Usually scientists would not call an approach at this stage “a treatment”. The road ahead is long and bumpy. The FDA in August approved a new drug for TB, Pretomanid, which was originally developed in the 1990s.

Today, university press releases read like news articles, describing a discovery in engaging language, with quotes from scientists. The package is often repeated verbatim in news reports, without scrutiny.

"There's huge effort put into promoting science, much of it appropriate and ethical, and some of it not so much," says Brian Trench, writer and science communications researcher. "There's a vastly smaller effort put into checking promotional material for authenticity and accuracy."

Trench says most media don’t have the resources to scrutinise claims from universities, such as a discovery being a true breakthrough. “[Critical scrutiny] tends not to happen on anything like the scale that might be the case in other areas of journalism,” he adds.

In January, a researcher went on RTÉ’s News At One to discuss the TB paper. The focus was on the delivery of “the drug molecule” via an inhaler and how it could help patients.
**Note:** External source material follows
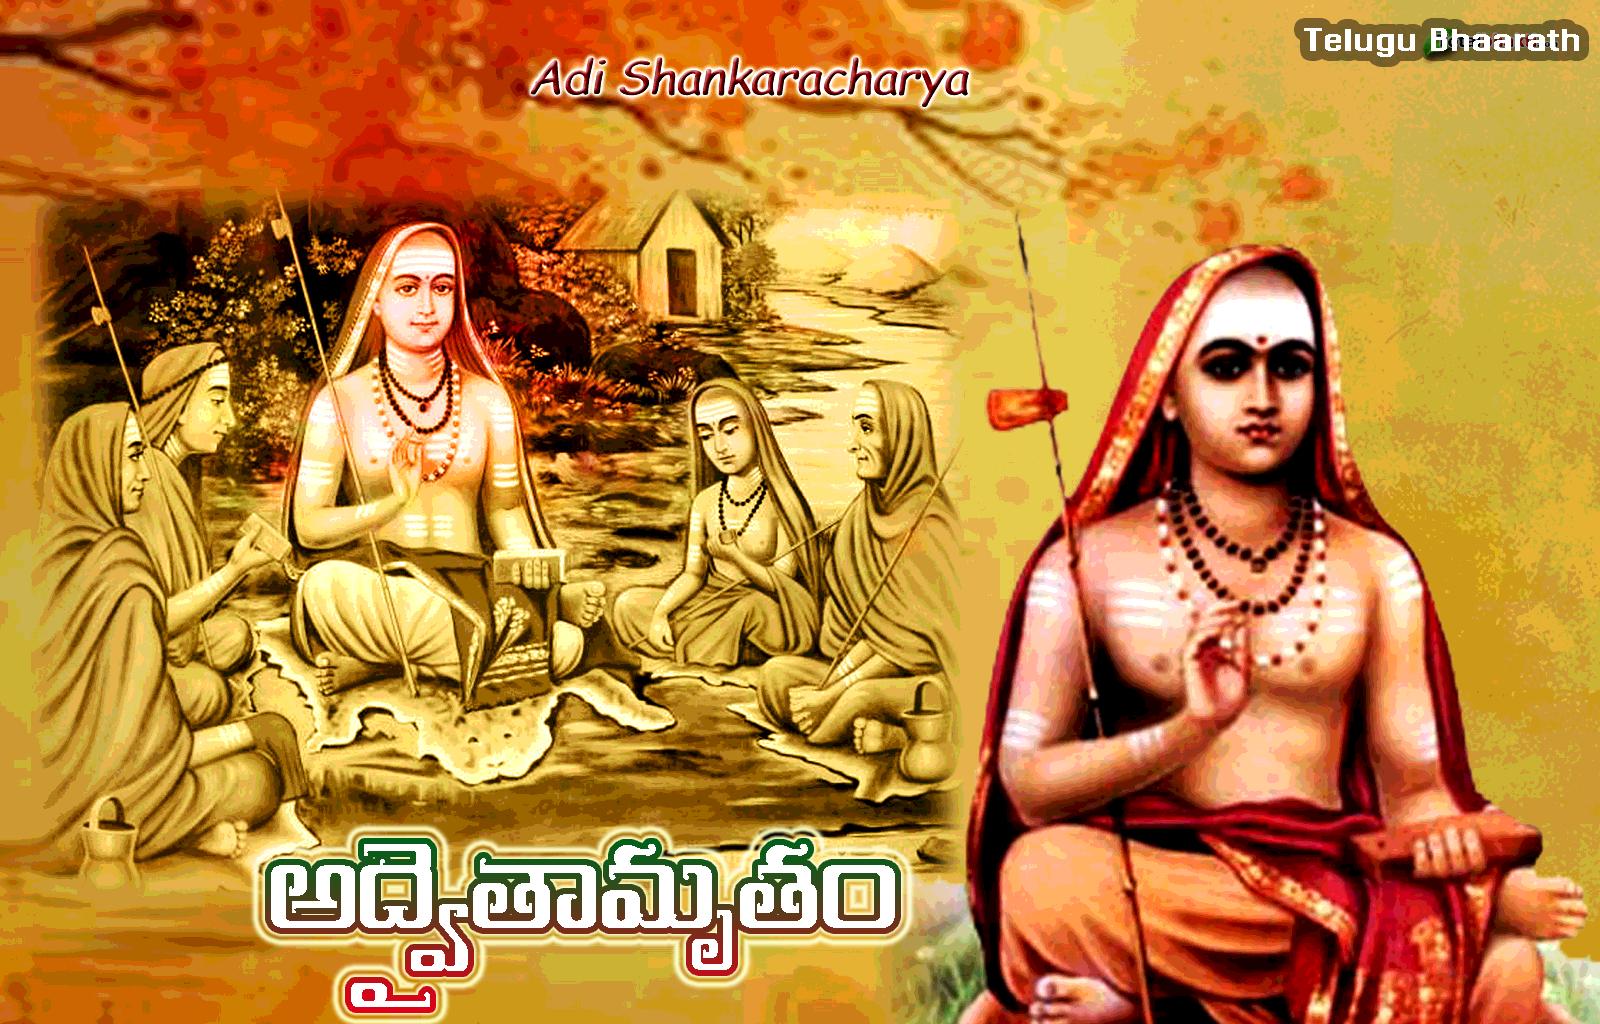 అద్వైతామృతం, దశశ్లోకీ - నిర్వాణ దశకము - Advaita, Nirvaana Dasakamu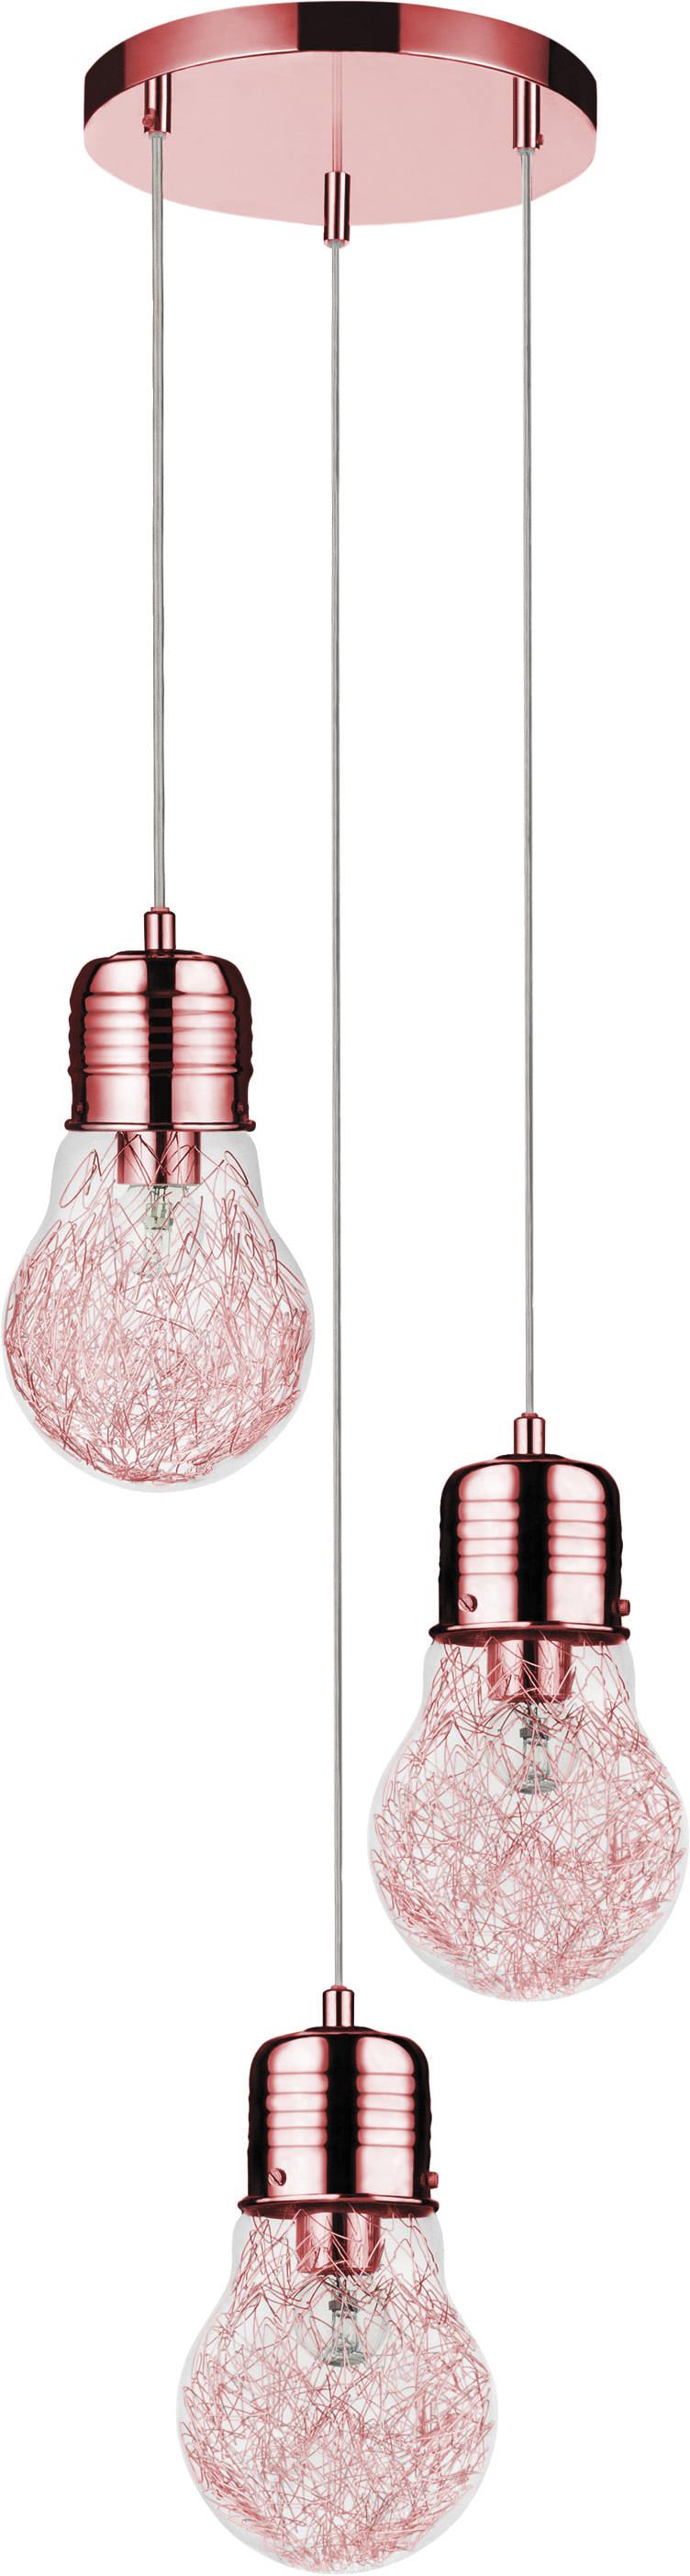 Loftowa Lampa wisząca Bulb miedź E27 60W

More advanced preclinical testing was promised for this “new treatment of tuberculosis”. It is questionable whether listeners could gauge that this meant the strategy is possibly five years away from first-in-human tests, and 10 years away from being on a prescription. If all goes well. The vast majority of drugs that get to be trialled in people fail.

One explanation for not being explicit about results from animals is that universities wish to avoid unsavoury attention from activists. Macleod says such caution as misplaced. “We should be open about what we do and be prepared to stand up and articulate why it is that we use [animal] models and what their limitations are,” he says. Rodent studies are part and parcel of biomedical research.

Developing a new drug is that tough. While there’s remarkable progress in treating many diseases, we are left with complex conditions that require huge collaborative efforts. The picture of constant breakthroughs by individual labs is misleading. “We need to be honest in what we can and cannot do,” Macleod says.

“Science is hard to do,” says Heathers, who is concerned that “science is being collectively devalued because we are doing a bad job communicating where everything is at and how well it works.” Exaggerated reporting of science, in his view, runs the risk of creating a perpetual attitude of distrust in science that is harmful to science, researchers and society.